A high-quality gene set was obtained using the combined methods of ab initio and homology-based predictions. The RNA-seq (Huang et al., 2016) data of M. cichorii was used to search for the best gene model in PASA (Haas et al., 2003). Then, this model was used in Augustus (Burge and Karlin, 1997) and SNAP (http://korflab.ucdavis.edu/) (Goodswen et al., 2012) for ab initio prediction. For the homology-based method, we downloaded the gene sets of H. cichorii (Wu et al., 2018), H. phaleratus, Aethina tumida (Evans et al., 2018), Anoplophora glabripennis (Mckenna et al., 2016), Tribolium castaneum (Richards et al., 2008), Dendroctonus ponderosae (Keeling et al., 2013), Leptinotarsa decemlineata (Schoville et al., 2018), Diabrotica virgifera virgifera (Coates et al., 2012), and Bombyx mori (Duan et al., 2010) from the GenBank database. These homologous protein sequences were concatenated and imported into GeneWise (Trapnell et al., 2012) to search for genes. The pseudogenes were filtered by determining whether they could be correctly translated and had mature stop codons. In addition, a concatenated ab initio and homology-based gene prediction pipeline identified genes using MAKER (Campbell et al., 2014) (http://www.yandell-lab.org/software/maker.html) software. Finally, all gene prediction results were merged to yield a non-redundant reference gene set using Evidence Modeler (Haas et al., 2008) (Table S2). The protein sequences were extracted and subsequently put into functional annotations (Data Sheet 1).

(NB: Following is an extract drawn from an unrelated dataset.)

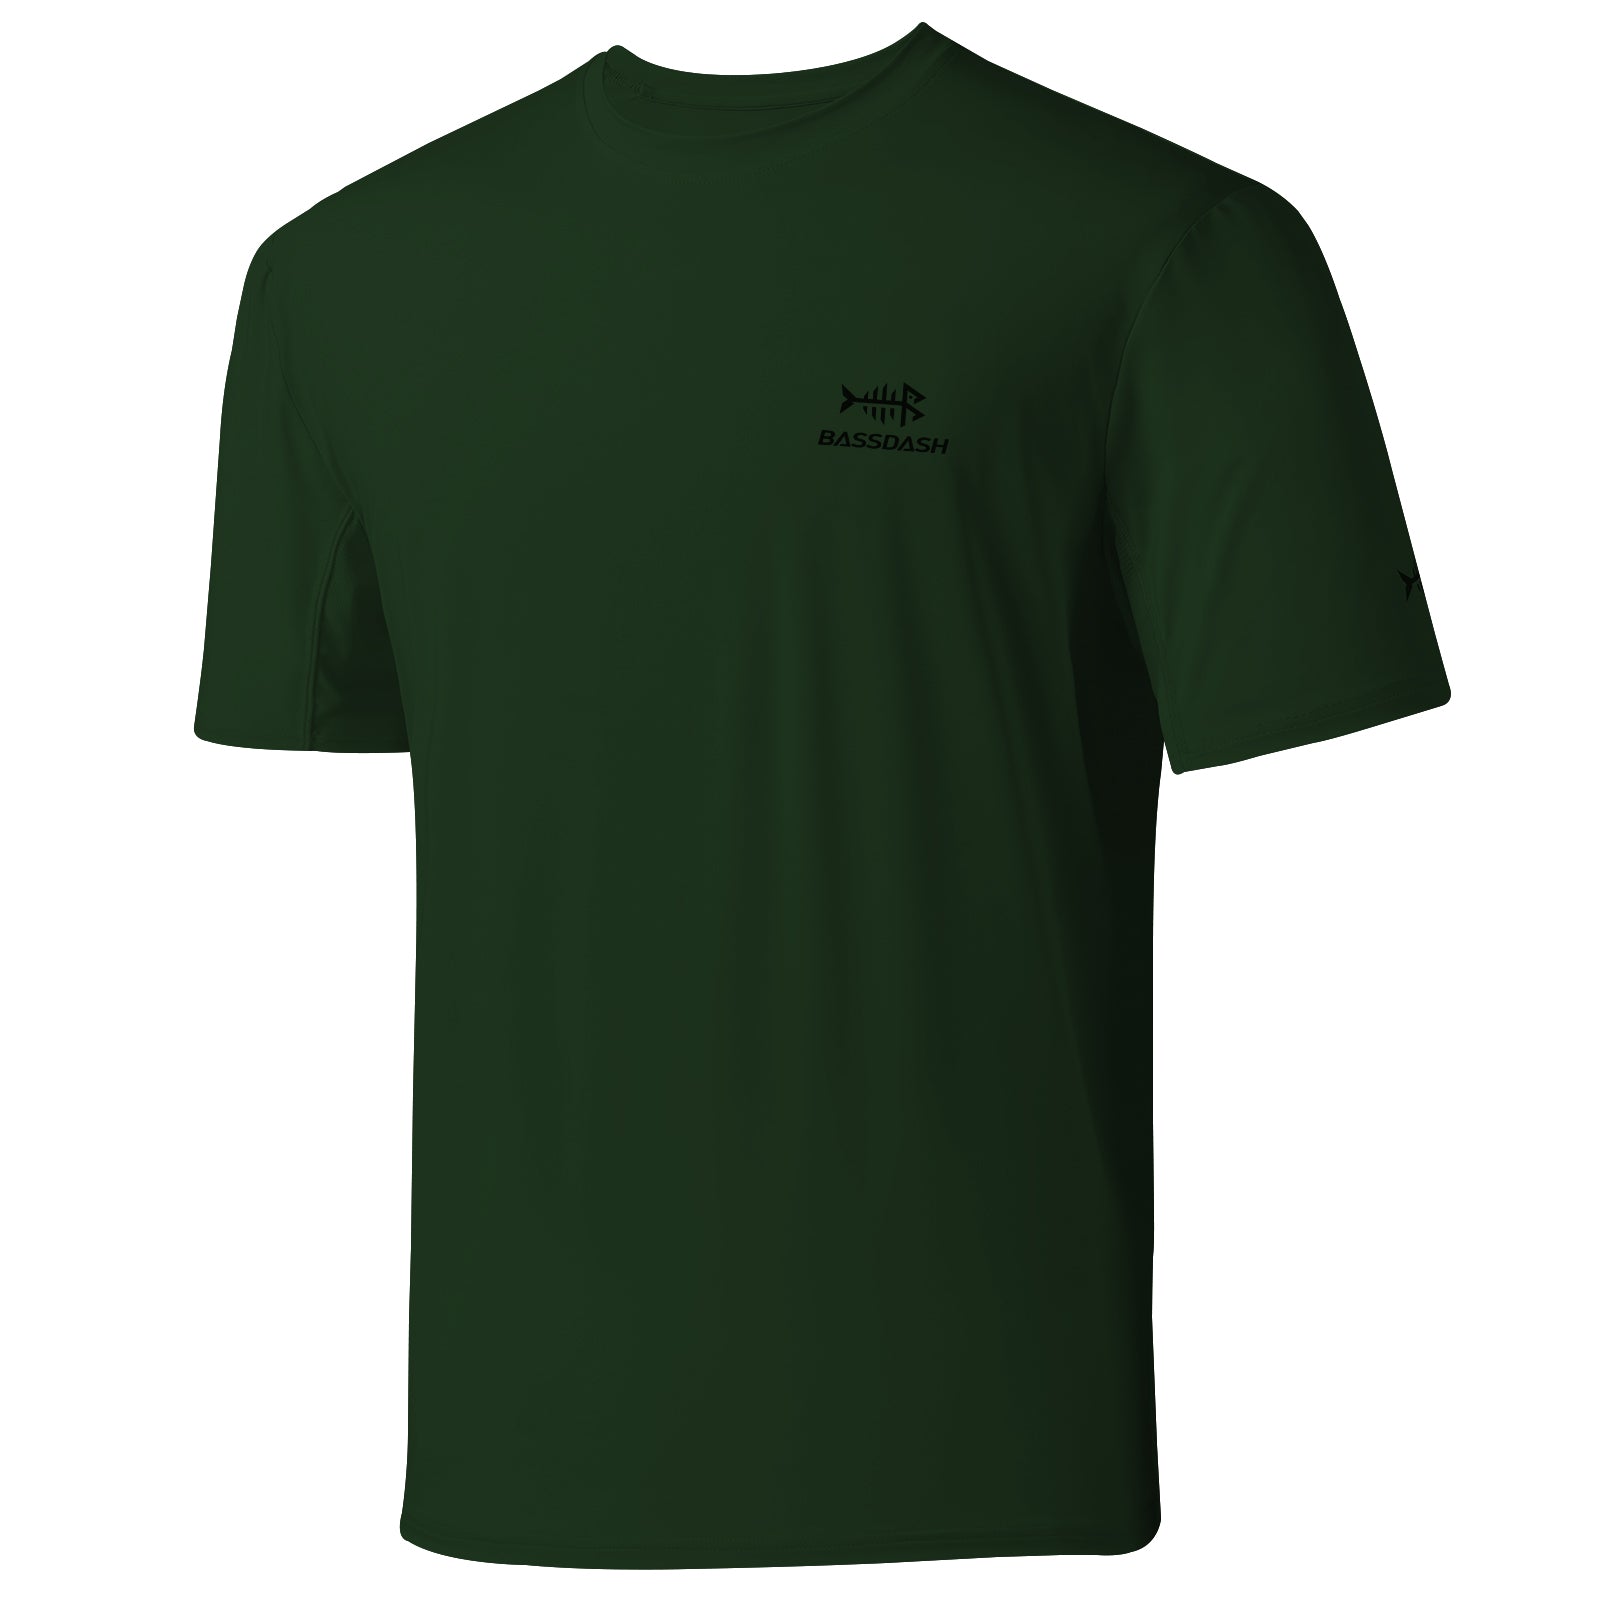 Buy BASSDASHMen's UPF 50+ Sun Protection Fishing Shirt Short

Functional Annotation of Protein-Coding Genes

Functional annotation was performed by NCBI BLAST (ftp://ftp.ncbi.nlm.nih.gov/blast/db/) (Lobo, 2012) to query the predicted gene sequences to functional databases such as NR (Li et al., 2013), KEGG (Kyoto Encyclopedia of Genes and Genomes (Keller et al., 2011), and Swiss-prot (UniProt Consortium, 2010). The Pfam database was used to annotate proteins using HMMER (Birney et al., 2004). Gene ontology (Walker et al., 2014) terms were obtained using Blast2GO (Pertea et al., 2015). Metabolic pathways of these genes were assigned using the KAAS (Moriya et al., 2007) tool provided by the KEGG database. All of these annotations can be found in Table S3.

Orthologous Analysis and Time-Tree Reconstruction

Gene families were identified using OrthoFinder software (Rice et al., 2000). The protein sequences of H. cichorii, H. phaleratus, A. tumida, A. glabripennis, T. castaneum, D. ponderosae, L. decemlineata, D. virgifera virgifera, and B. mori were used for all-2-all comparisons to search for orthologous gene families (Table S4). The expansion and constriction of the orthologous gene families were determined and counted (Table S5). Then, the coding sequences of the single-copy genes in the 10 species were identified, extracted, and aligned using the MAFFT program (Katoh, 2002) to construct one super-matrix. The BEAST program (Yang and Rannala, 2006) was used to build the phylogenetic tree and estimate divergence time. The calibration time selection was based on two nodes: D. ponderosae and A. glabripennis [150.3–220.3 mya] (http://www.timetree.org/), and H. cichorii and H. phaleratus [9.8–44.8 mya] (Wu et al., 2018). The BEAST program parameters were as follows: GTR substitution model, Gamma & Invariant model in sites with 4-fold Gamma categories, Uncorrelated lognormal clock model, Yule process tree prior. The MCMC chain was set to 10 million generations.

Results and Discussion

Genome Assembly and Completeness

The M. aulica genome assembly was 288.5 Mb in size with a scaffold N50 length of 467.8 kb and an L50 value of 44. The repeat sequence in the assembly was 153.1 Mb and occupied 50.62% of the total length. All of these parameters were greatly improved compared to those reported for the H. cichorii and H. phaleratus genomes (N50 values of 79.3 kb and 56.1 kb and identified repetitive content of 22.73% and 13.47%, respectively) (Table 1). It is obvious that the Nanopore long-read sequencing technology used in this study has exponentially improved assembly connectivity, proving that it is a better strategy for obtaining highly qualified genomes.

TABLE 1
www.frontiersin.org

Table 1 Comparison among three blister beetles' genome assemblies.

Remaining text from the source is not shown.